Developer: Area/Code
Price: $4.99
Version Reviewed:

Graphics / Sound Rating: ★★★☆☆
Game Controls Rating: ★★★★★
Gameplay Rating: ★★★★☆
User Interface Rating: ★★★★☆
Re-use / Replay Value Rating: ★★★★☆

Overall Rating: ★★★★☆

I was a bit skeptical of Drop7 when I first saw the screenshots. It’s nothing fancy to look at, and anyway, how hard could it be? Creating rows and columns with the proper number of falling blocks seemed simple—until I had to actually sit down and try it.

img_0032 Drop7 delivers some unique and challenging gameplay, and while I’ve yet to master it completely, I can say that it’s a pretty fun game. It really forces you to hone your logic skills, and the frantic battle for survival keeps the game going at a nice clip.

Area/Code bills Drop7 as “Tetris meets Sudoku,” but it’s really much simpler than that. In Drop7, you have to drop numbered discs into a 7×7 grid. The numbers run from 1 to 7; place a disc in a row or column where its number matches the number of discs, and the disc clears. After so many seconds, the level advances, and more discs bloom at the bottom of the screen. Eventually, gray discs begin to appear, whose numbers must be revealed by creating combos nearby, and if you’re like me, it’s the gray discs that lead to your eventual destruction. (They can’t clear until you reveal their numbers, either.) There are three different modes: Normal is as described; Hardcore starts with quicker levels (but no gray discs); and Sequence is exactly like Normal Mode, but with an identical sequence of discs for every time you (or any other player) goes through it, so you can perfect your strategy for that specific scenario.

img_00152I have to admit that I wasn’t an instant convert to the game, but as the levels progressed, I started to kind of obsess over it. For a reason that I can’t quite figure out, Drop7 is fun. It’s simple, and it’s challenging enough to keep you working. Combos take some skill to set up, and refining strategies in order to stave off death has yet to grow old. Drop7 is perfect for playing for distraction—when you’re on the phone, waiting in line, or just procrastinating on your couch—and it also holds up pretty well for long-term play. It’s just relaxing.

The graphics and sounds are very minimalistic, and while I can appreciate artsy minimalism (see EDGE!), I don’t particularly love the graphical presentation in Drop7. Still, it’s very functional, and the clean, crisp interface has grown on me.

There are a few things that I’d like to see in Drop7. When you finish a game, you’re launched into another one rather than the main menu, where you can select the game mode. Most significantly, the price point will be a sticking point with many. Glutted as the App Store is, five dollars is a hard asking price for a game without a lite version for sampling. Thankfully, Drop7 happens to based off of Chain Factor, which is available for free online play here. I have to say that I like Chain Factor’s graphics and sound effects better, sadly.

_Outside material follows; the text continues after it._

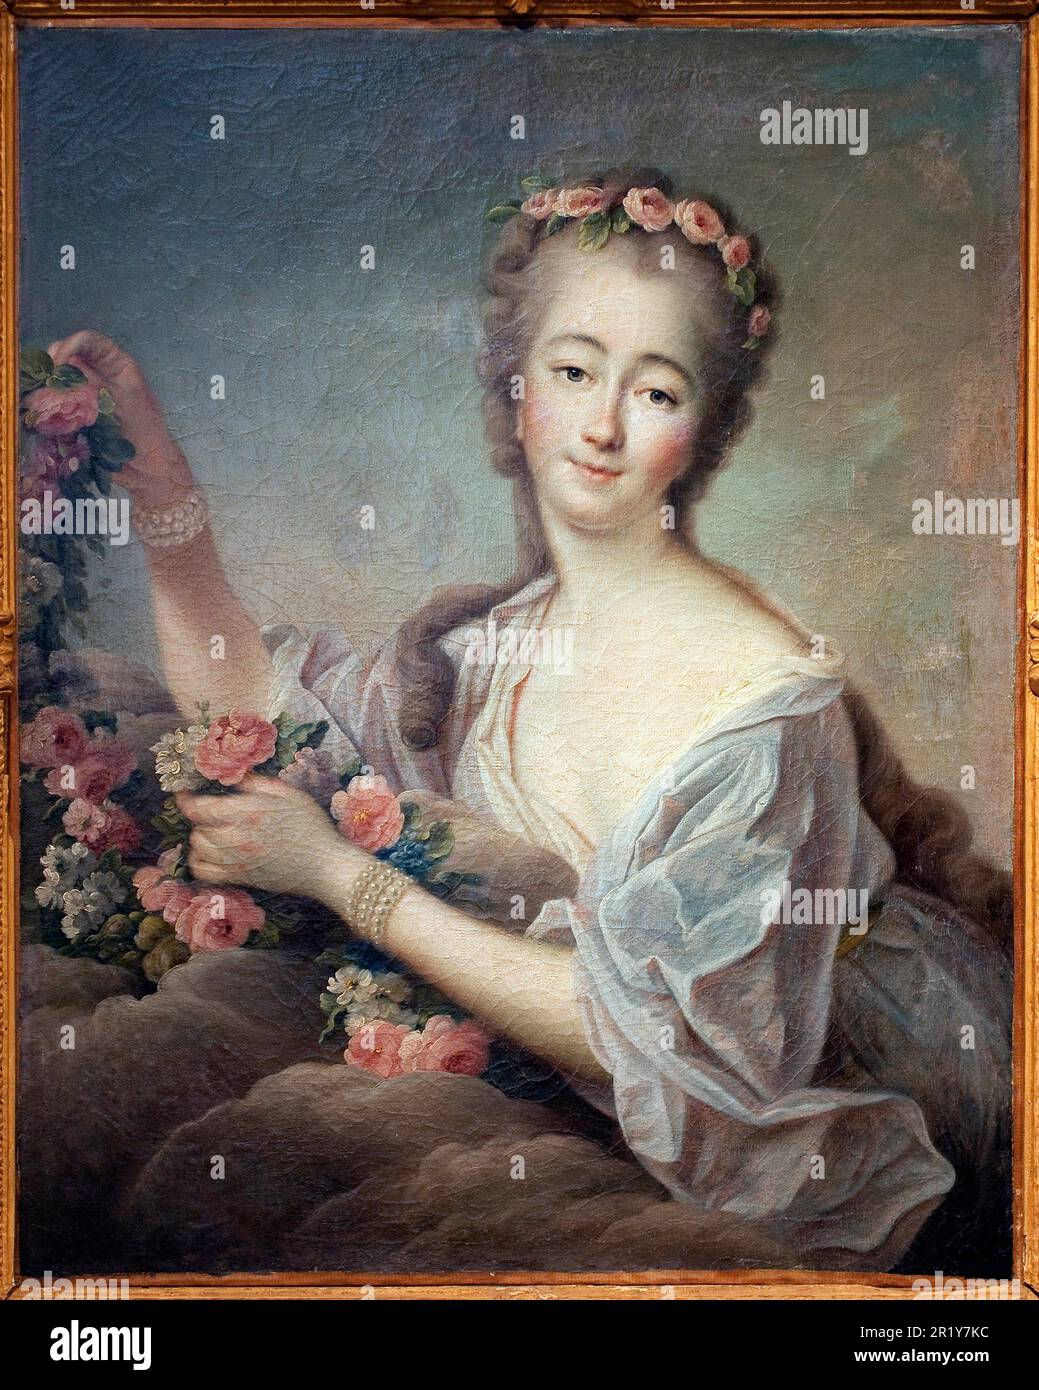 Portrait de Madame du Barry en Flore (Jeanne Becu, comtesse (ou madame) du Barry (1743-1793) - Peinture de Francois Hubert Drouais (1727-1775), huile sur toile, 1774 - Art francais 18e siecle - Musee des Beaux Arts d'Agen Foto Stock

All in all, Drop7 is a fun, relaxing diversion. If you’re a fan of innovative, casual puzzle games, this one is for you, but if you’d like something more involved, look elsewhere. At its core, Drop7 is just one simple set of game mechanics, and that simplicity is both good and bad; you get a fun, easy-to-pick-up game, albeit one whose replay value is questionable. Nevertheless, I can’t help but recommend it. Despite (or because of?) its simplicity, Drop7 is a solid game and an even better timewaster.